1.     Grade point average (GPA)

A student’s grade point average is a standard criterion or premise for awarding scholarships. A student who performs excellently well in their studies and stays consistent with a high GPA is eligible for scholarships whose premise is the GPA. However, this scholarship is paid per year, and a student who doesn’t maintain the required GPA or doesn’t meet the standards would have to forfeit or lose the scholarship. Many scholarships require a minimum GPA of 3.0 or 3.5. Using GPA as a basic premise is to motivate the students to do better at schoolwork.

2.     Geographic location and boundaries

Companies who are looking to employ students after their graduation commonly used this method. These organisations offer financial assistance only to students who school within the company’s geographical location. It might be a disadvantage to the company if the student schools in a separate area and eventually gets another job elsewhere upon graduation

3.     Family members of current employees

Some organisations limit the people that can apply for their scholarships to students who are related to their employees closely. These scholarships will be of benefit to employees whose children are eligible to begin a college education.

4.     Other variables like race, age, marital status and other demographic factors

These scholarships help minority groups, particular ages to give them better scholarship opportunities than those usually given compared to that vast majority of students who have access to many other scholarships.

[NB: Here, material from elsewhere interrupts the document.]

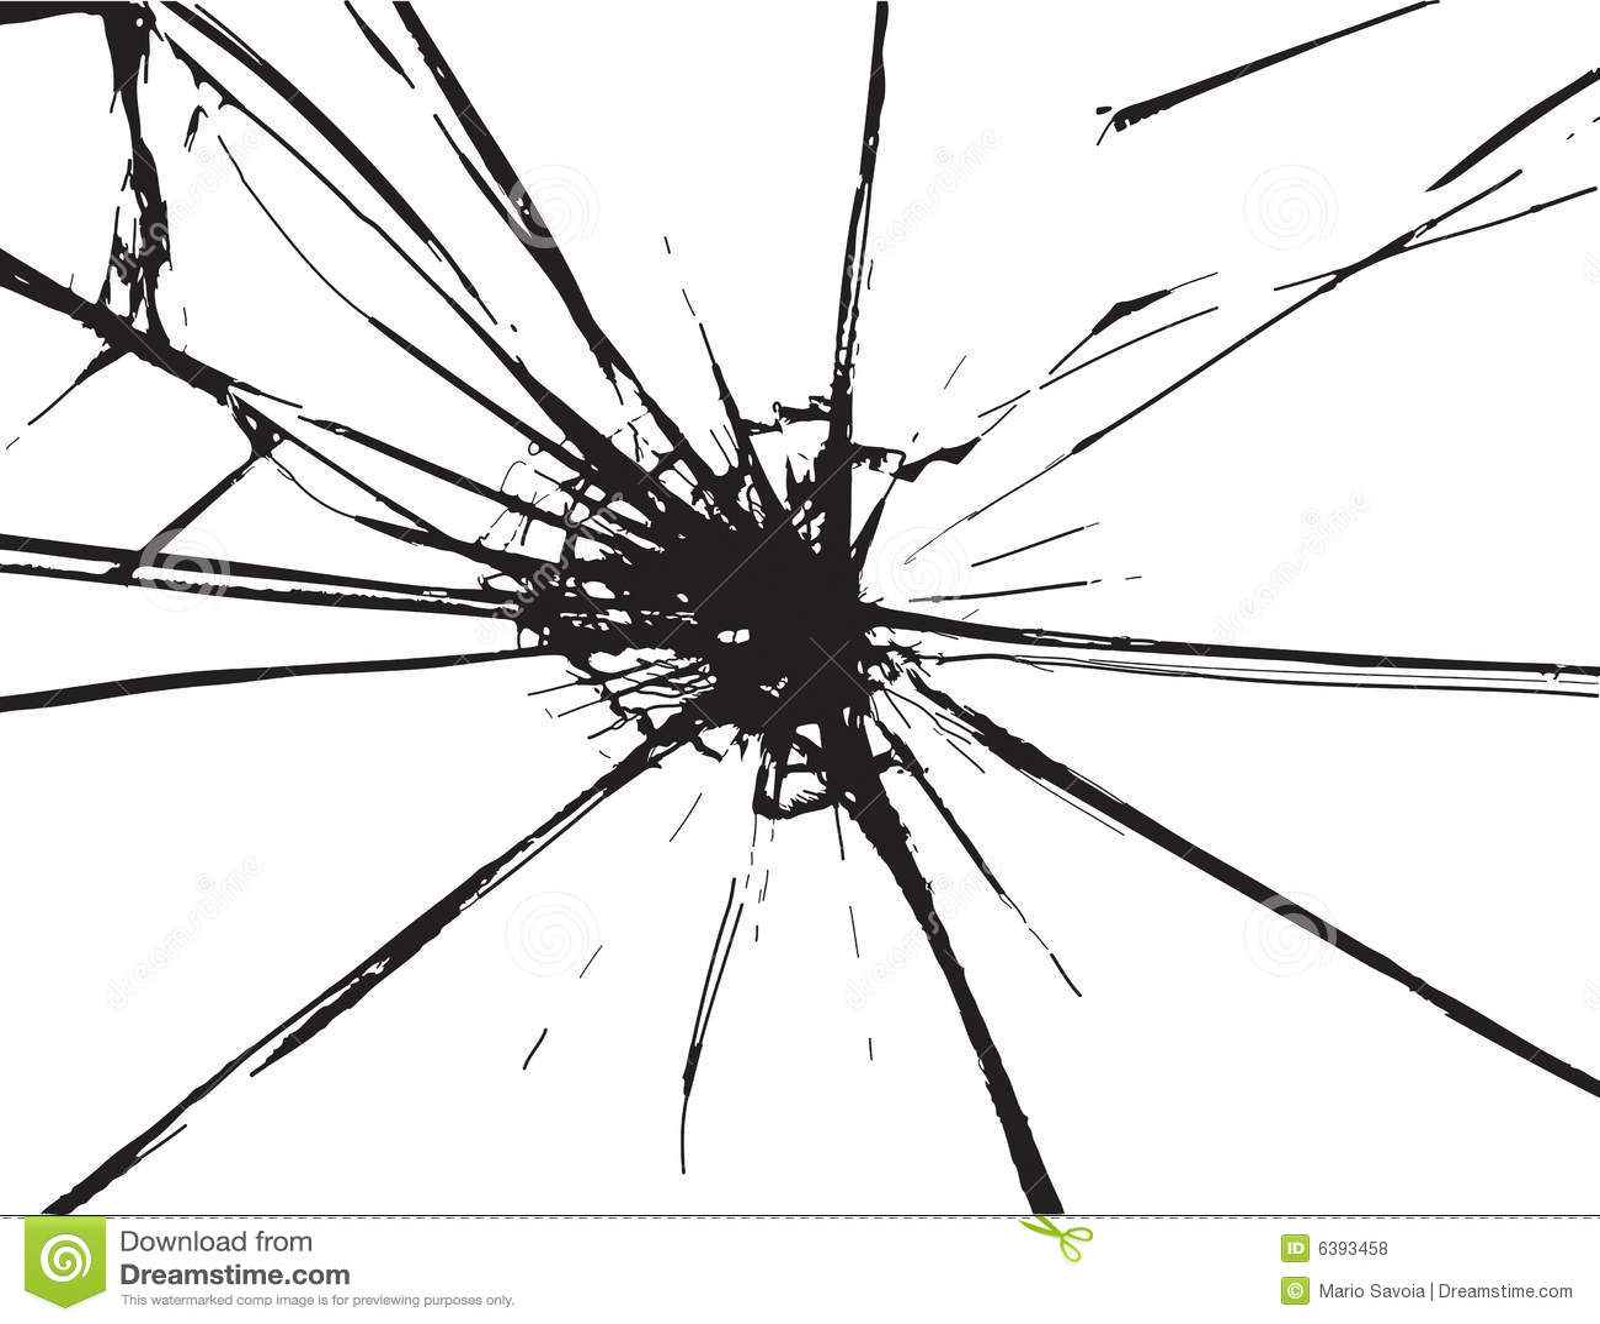 Broken Glass Royalty Free Stock Photos Image 6393458

5.     Particular fields of interest

Philanthropic organisations may decide to encourage students to study a particular course or delve into a field of study due to shortages of experts in that field. They promote a specific industry’s interest which can also aid recruitment of students awarded the scholarship afterwards.

All these are valid basic criteria that are set for scholarships by various organisations. The basis for determining the fundamental premise for awarding scholarships is dependent solely on the organisations and their standards.